I struggled this week to write.
I'm taking an upper level non-fiction workshop this semester, which I chose over fiction after my overwhelmingly wonderful experience in the lower level non-fiction workshop, because I've found that writing from my own "voice" is easier for me than through another characters. Plus, I found that finding MY voice turned me into an infinitely better writer. I have to have my own voice before I can write from another, you feel me?
However, with my first workshop this week, I felt totally out of my element. There was the problem of picking an idea and then there was the problem of writing it. Everything felt forced. Everything felt way to dramatic and nothing came out how I wanted. I listened to my first professor's voice in my head telling me that every word sucked (he really did tell me my pieces sucked sometimes)(and I think you NEED to be told you suck often) and though I wrote and finished it, I didn't feel any sort of emotional connection to it at all.

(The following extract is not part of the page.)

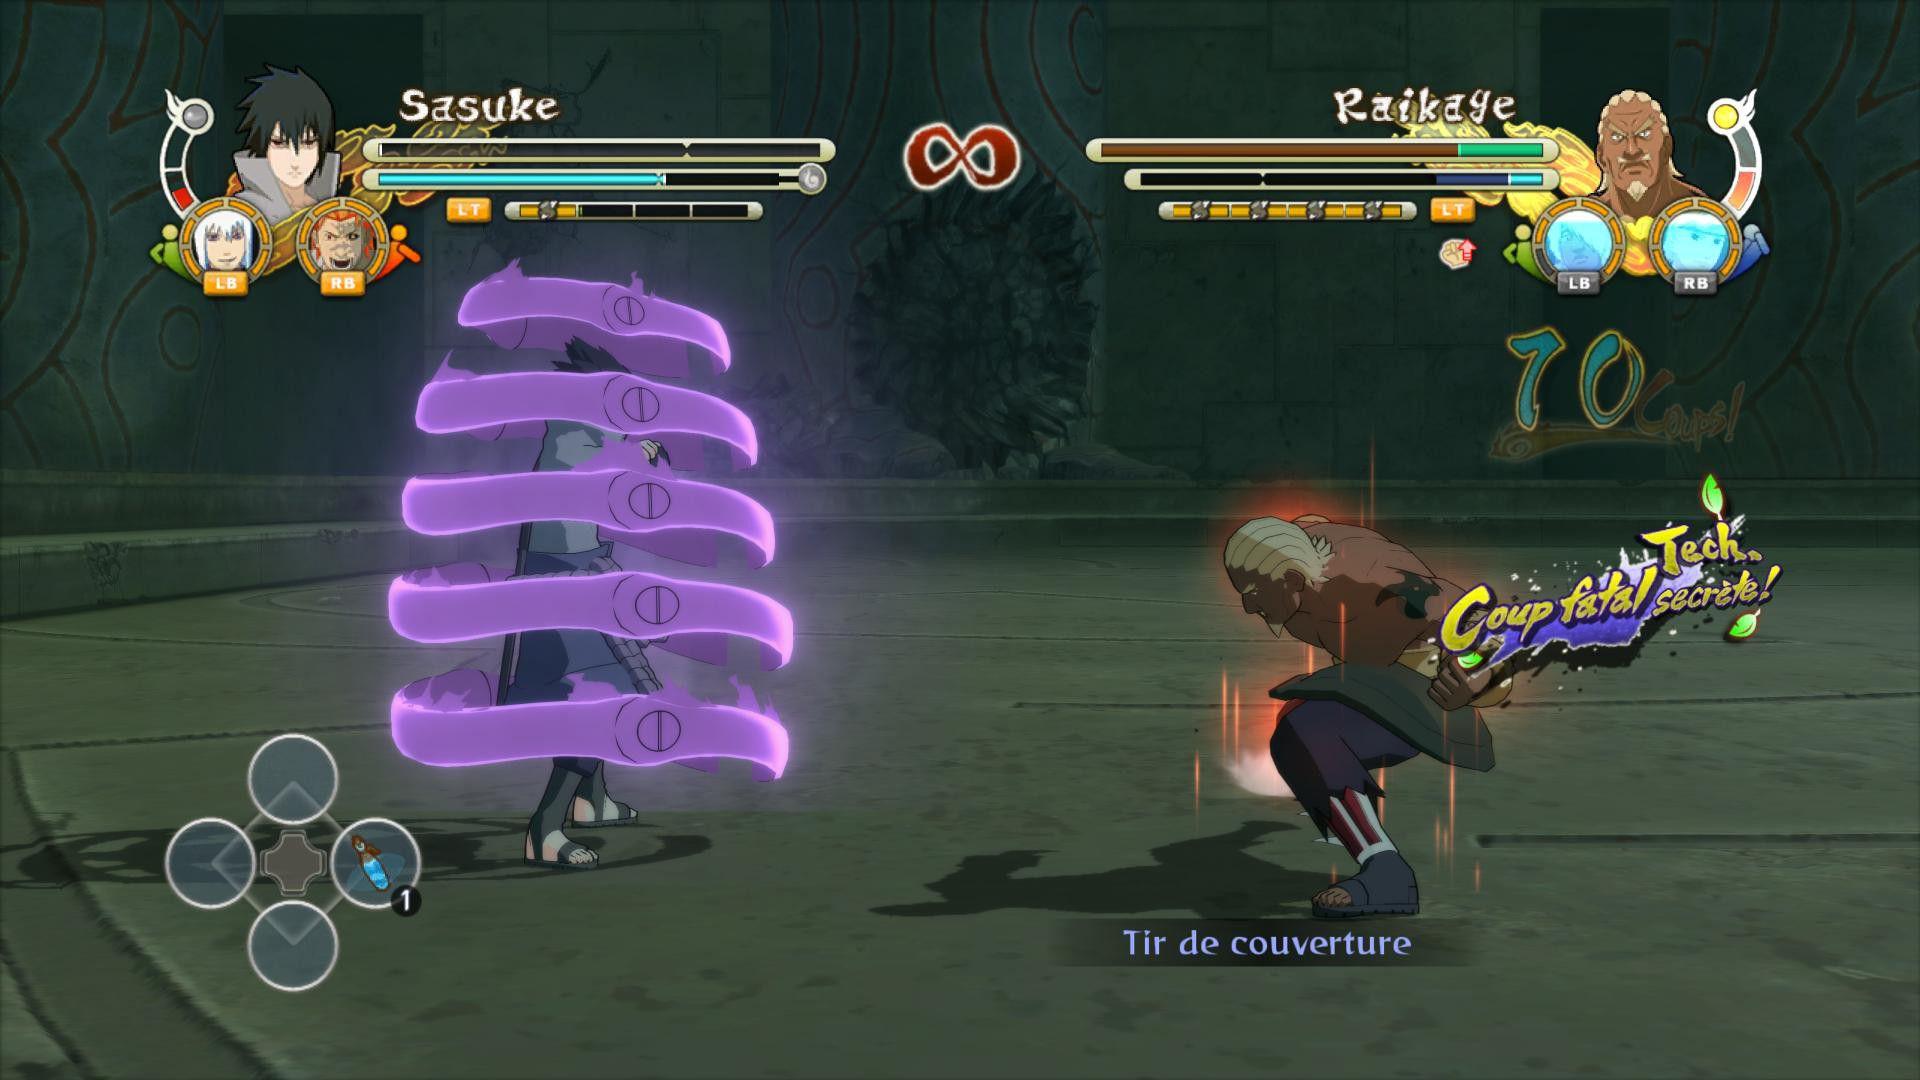 naruto-shippuden-ultimate-ninja-storm-3-full-burst-ps3-b-2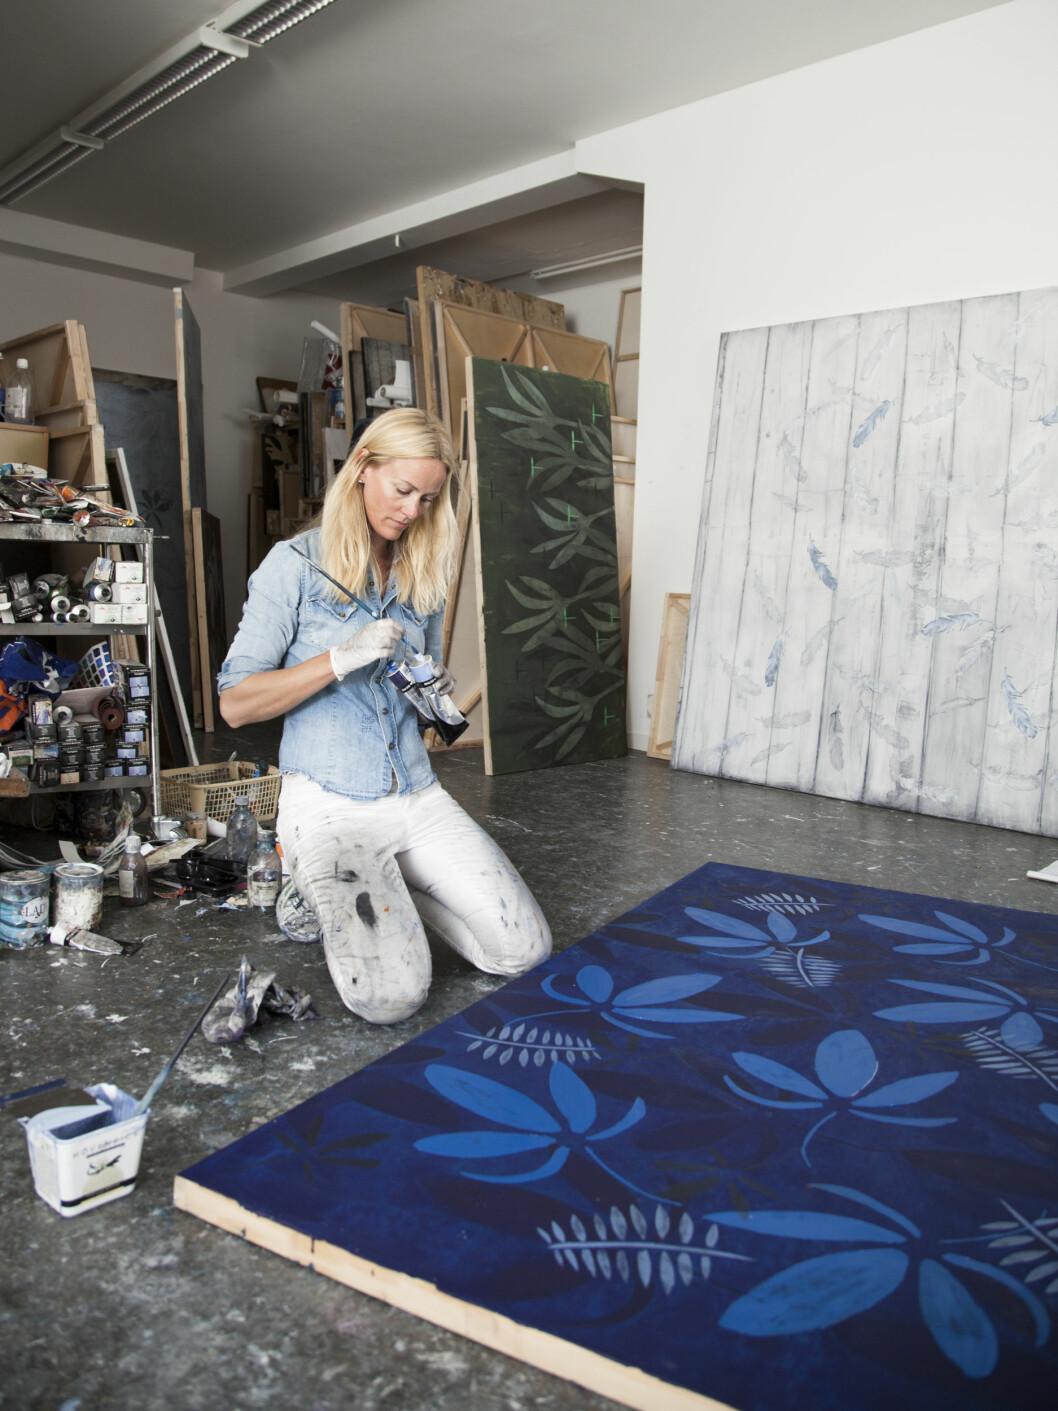 NATURBARN: Cathrine Knudsen sier bildene hennes er inspirert av naturen fordi hun føler seg mest hjemme der.  Foto: Torjus Berglid

And though my workshop went much better than I expected, my professor pulled me aside after and said, "Maggie, where are you in this? I don't see you- I see your characters, but not you. Don't be afraid to be a little more messy. I want to see you be messier."
When he said that, it immediately registered to me why I'd struggled. He was right. I told him I had my old professor's voice stuck in my head telling me not to go too far with things and he laughed and said, "But we can trim that down. We can add to it and take things away over and over again! Be messy."
I think I've been afraid to be messy lately - in my journals, on my blog, and in my assignments - because I've been too afraid of being "too cliche". I've been afraid to say the obvious thing on my mind out of fear that it isn't a unique thought. I've been scared to be too honest. I don't really know how to go back to the days when I could write without any restraint, but I think I need to try. I need to try in all regards to get there again, even if it's not something that's not obvious to people that read it, because I know when I'm "there" or not. I looked through my old notebooks today and found a quote from my old workshop professor who said that cliche is only cliche if it feels forced. Everything is a cliche. What makes something unique isn't the story or the experience, but the voice behind it. It doesn't need to be unique. It needs to be mine.